Seems to work for me.

$ coiled setup aws --quotas
╭──────────────────────────────────────────────────────────────────────────────────────────────────────────────────────────────────────────────────╮
│ Coiled runs in your AWS account, so your cluster sizes will be constrained by your AWS quotas:                                                   │
│                                                                                                                                                  │
│ Standard On-Demand                    4512 vCPU                                                                                                  │
│ Standard Spot                         1152 vCPU                                                                                                  │
│ G4dn (NVIDIA T4 GPU) On-Demand         920 vCPU                                                                                                  │
│ G4dn (NVIDIA T4 GPU) Spot               64 vCPU                                                                                                  │
│ P (NVIDIA V100/A100 GPU) On-Demand     692 vCPU                                                                                                  │
│ P (NVIDIA V100/A100 GPU) Spot           64 vCPU                                                                                                  │
│                                                                                                                                                  │
│ Standard includes general purpose M and T families (e.g., M6i, T3), compute optimized C families (e.g., C6i), and memory optimized R families    │
│ (e.g., R6i).                                                                                                                                     │
│                                                                                                                                                  │
│ GPU instances require a separate quota.
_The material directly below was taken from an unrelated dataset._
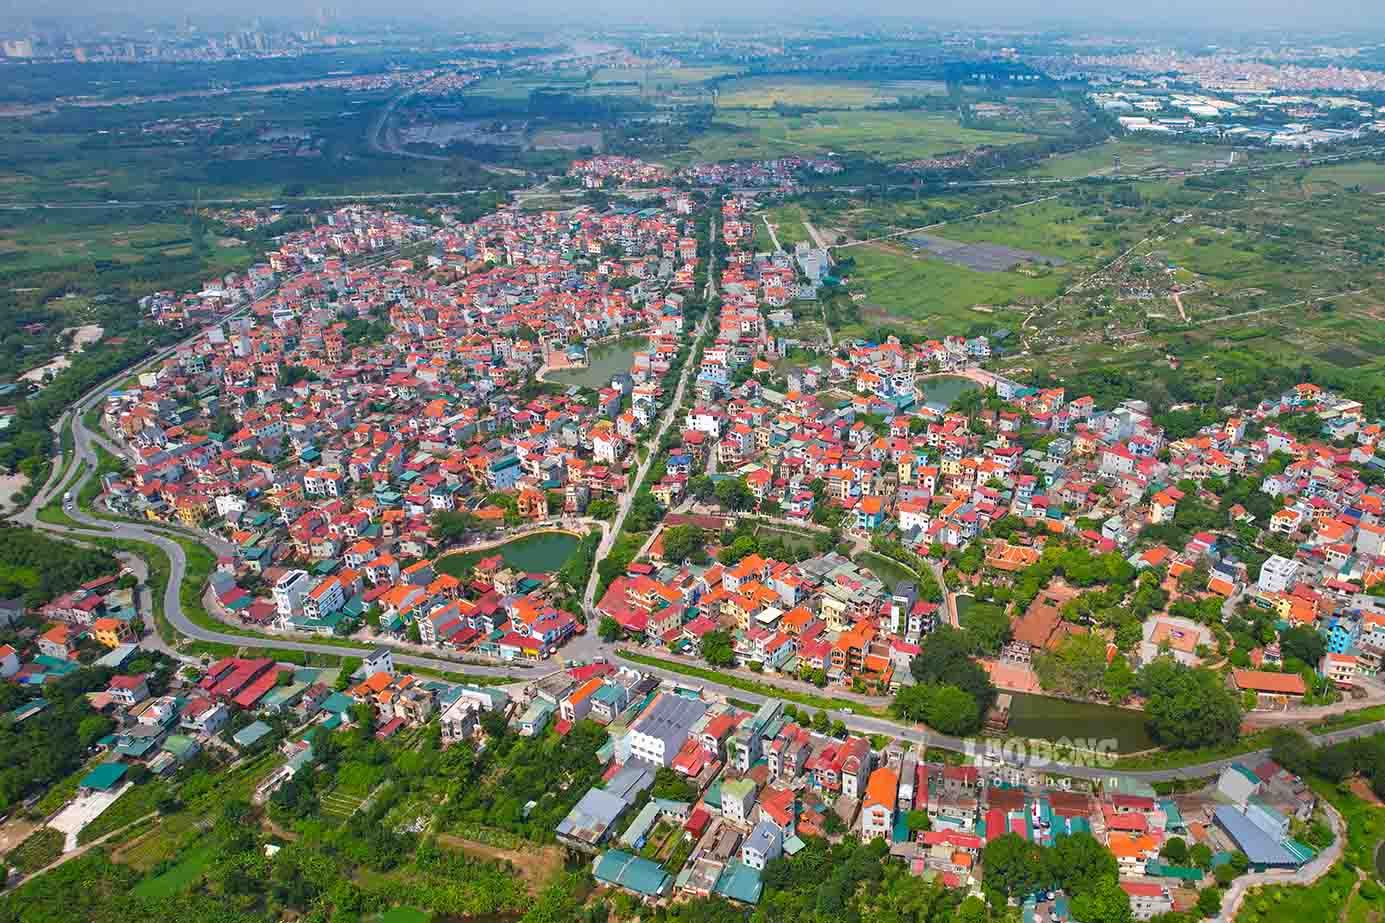 Bán nhà Hà Nội: Tham khảo giá chung cư huyện Gia Lâm cập nhật mới nhất
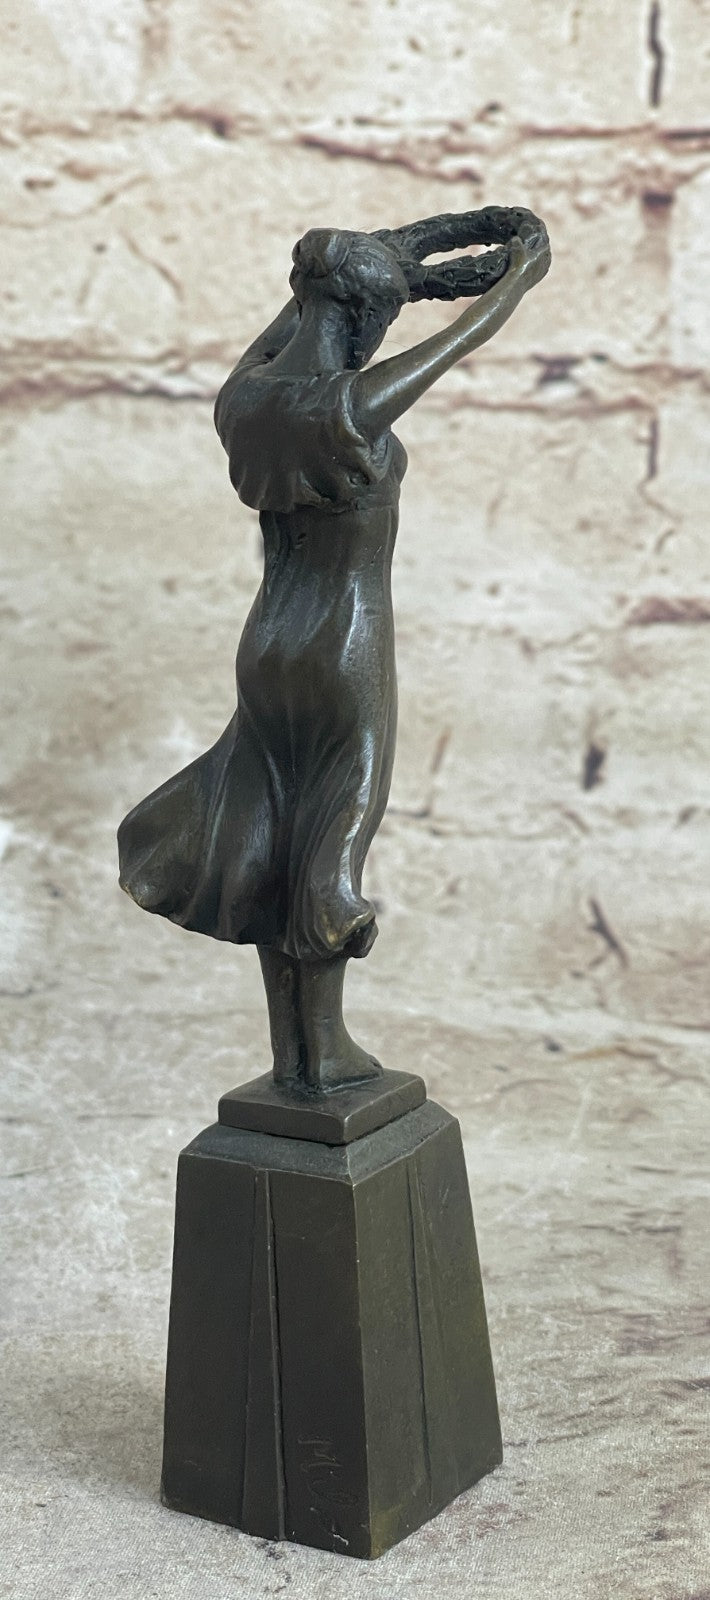 5.5" Tall Signed Roman Maiden Bronze Sculpture Statue Figure Figurine Deco Figure

G4dn is our default GPU instance type on AWS, these have an NVIDIA T4 GPU.                               │
│                                                                                                                                                  │
│ The default Coiled instance type (t3.xlarge) has 4 vCPUs, so a 10 worker cluster (plus scheduler) would have 44 vCPUs.                           │
╰──────────────────────────────────────────────────────────────────────────────────────────────────────────────────────────────────────────────────╯
Your current quota for Standard On-Demand (us-east-1) is 4512. If you'd like to request an increase from AWS, enter the new number (or hit return to
skip): (4512): 
Your current quota for Standard Spot (us-east-1) is 1152. If you'd like to request an increase from AWS, enter the new number (or hit return to 
skip): (1152): 
Your current quota for G4dn (NVIDIA T4 GPU) On-Demand (us-east-1) is 920. If you'd like to request an increase from AWS, enter the new number (or 
hit return to skip): (920): 
Your current quota for G4dn (NVIDIA T4 GPU) Spot (us-east-1) is 64. If you'd like to request an increase from AWS, enter the new number (or hit 
return to skip): (64): 
Your current quota for P (NVIDIA V100/A100 GPU) On-Demand (us-east-1) is 692. If you'd like to request an increase from AWS, enter the new number 
(or hit return to skip): (692): 
Your current quota for P (NVIDIA V100/A100 GPU) Spot (us-east-1) is 64. If you'd like to request an increase from AWS, enter the new number (or hit 
ntabris commented 11 months ago

@aterrel thanks for confirming that the fix worked for you!